# EXERCISE DIRECTIONS
Restate, in full and unchanged, the entries that follow, but not their pictures.

[Saved data entries]
<<<<

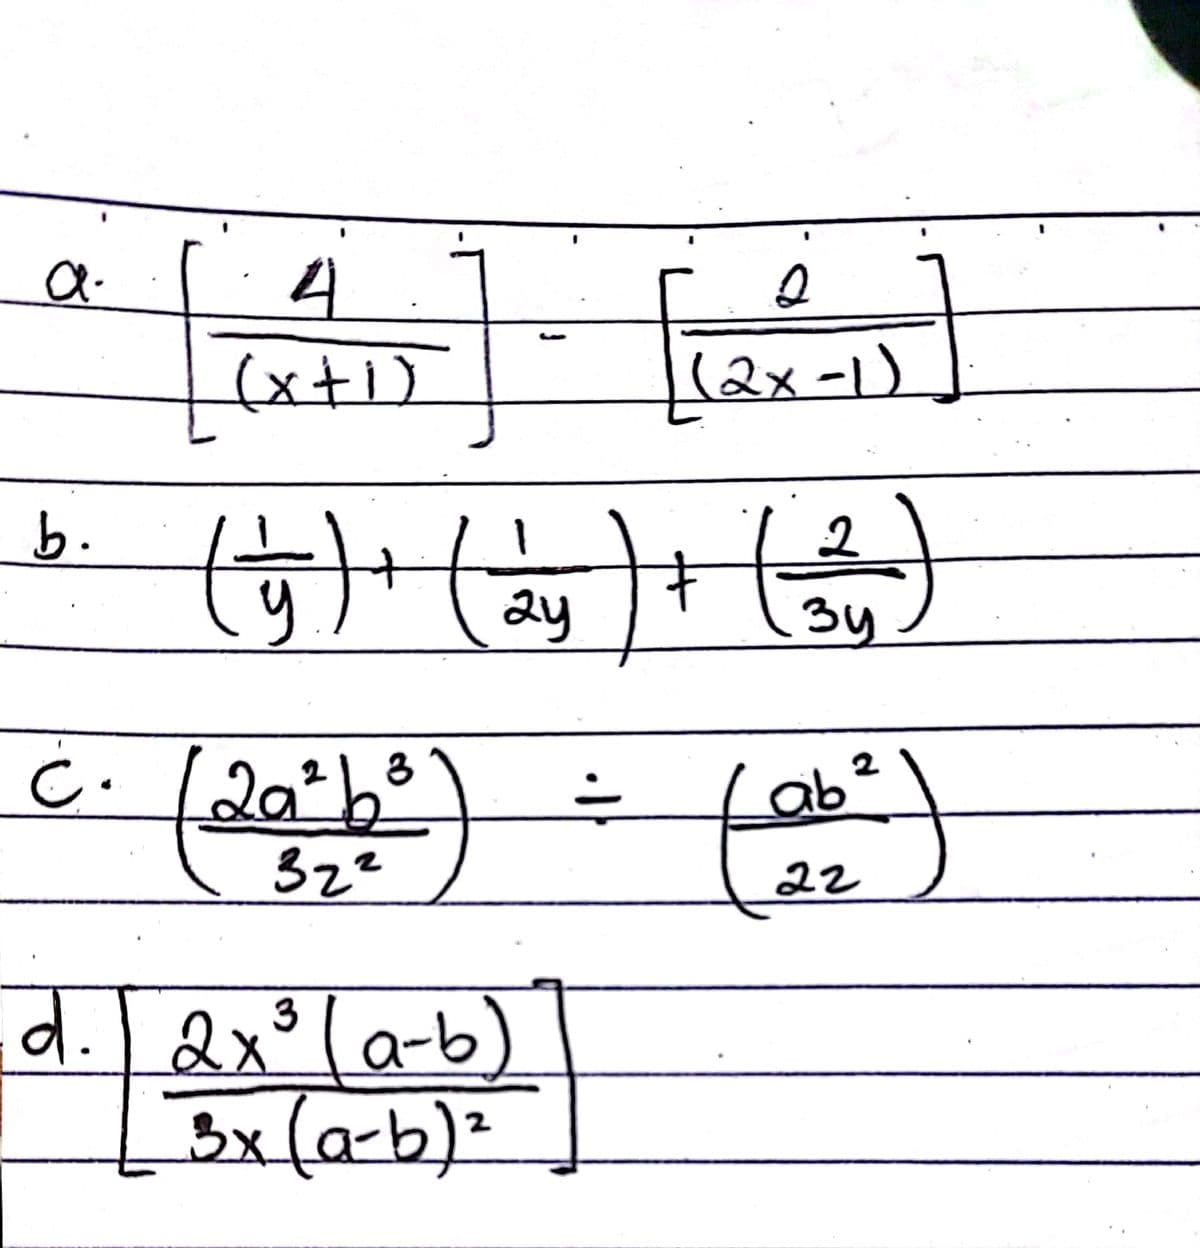 %3D
4
(x+1)
(२x -1)
(प)" (2) (®
b.
ay
34
८. [२०*}
Lab²
ab ?
32²
२2
d.I dx°)
la-b
3
3x(a-b)²
2

>>>>

# RESULT
 %3D
4
(x+1)
(२x -1)
(प)" (2) (®
b.
ay
34
८. [२०*}
Lab²
ab ?
32²
२2
d.I dx°)
la-b
3
3x(a-b)²
2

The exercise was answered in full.